Essential Pentosuria
What else is it called?
- Essential benign Pentosuria
- L-xylulose reductase deficiencY
- L-xylulose
- Pentosuria
- Xylitol dehydrogenase deficiency
Get in touch
Contact our caring team on 08452 412 173 for help and support. Our phone lines open 10am-4pm, Monday to Friday.
Prefer to email? Our email address is contact@metabolicsupportuk.org.
What causes it?
The disorder is caused by mutations (changes) in the dicarbonyl and L-xylulose reductase (DCXR) gene. This gene provides instructions for making the DCXR protein which is responsible for converting a sugar called L-xylulose into a molecule called xylitol. This is part of the process in which the body uses sugars for energy.
These mutations (changes) in the DCXR gene cause the production of distorted DCXR proteins that are broken down very quickly. Without the DCXR protein, L-xylulose is not transformed into xylitol and the leftover sugar is released in the urine.
How common is it?
Essential Pentosuria usually occurs only in individuals with Ashkenazi Jewish ancestry. Approximately 1 in 3,300 people in this population are affected.
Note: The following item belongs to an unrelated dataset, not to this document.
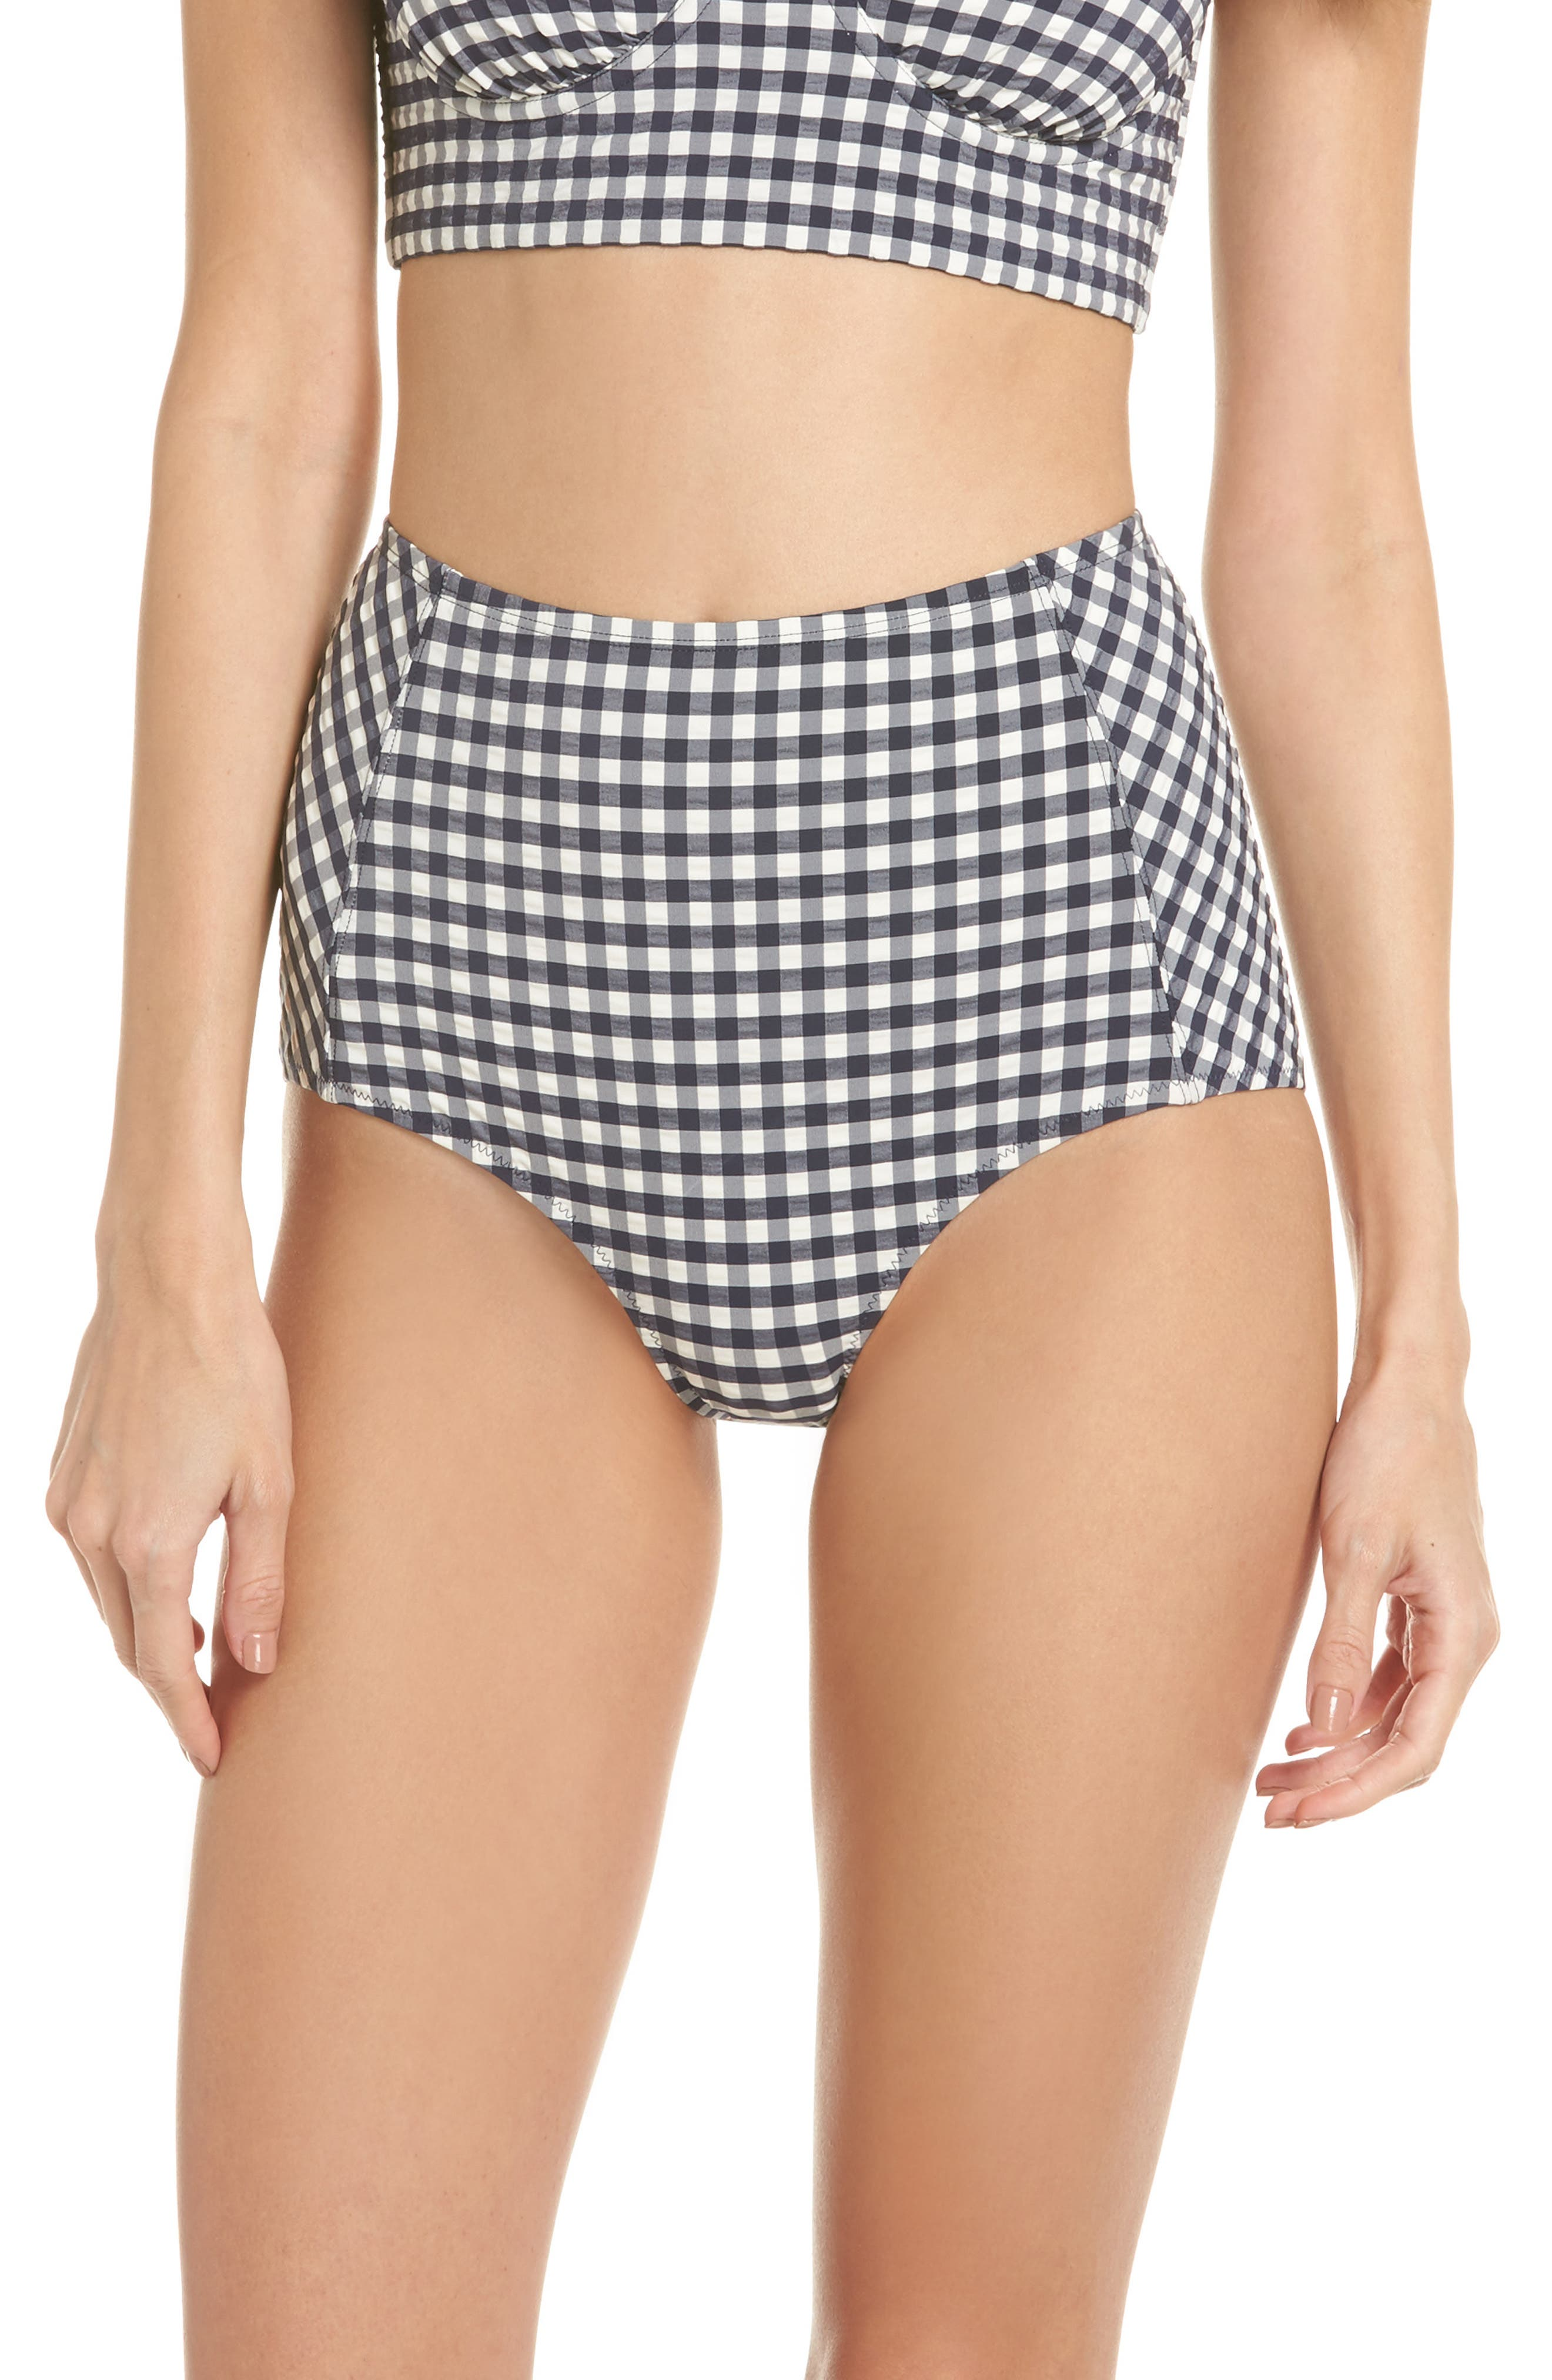 Gingham High Waist Bikini Bottoms,                         Main,                         color, Tory Navy / White

What are the signs and symptoms?
Individuals affected by Essential Pentosuria have no related health problems and therefore no symptoms. The only biological sign is the constant release of the enzyme, L-xylulose in the urine, which is often mistaken for a condition called glycosuria, where there is excess sugar in the urine which is typically linked to diabetes or kidney disease.
How is it diagnosed?
The disorder is diagnosed through specialised urine tests by detecting the sugar, L-xylulose in the urine. People with the disorder show an excretion of 1 to 4 grams of L-xylulose in the urine per day.
Can it be treated?
Essential Pentosuria is benign (unharmful), with no linked health problems and therefore no treatment is needed.
Do my family need to be tested?
Essential Pentosuria is an inherited condition. Humans have chromosomes made up of DNA. Genes are pieces of DNA that carry the genetic information. Each chromosome may have several thousand genes. We inherit chromosomes from the egg of the mother and sperm of the father. The genes on those chromosomes carry the instructions that determine a person’s characteristics, which are a combination of the parents.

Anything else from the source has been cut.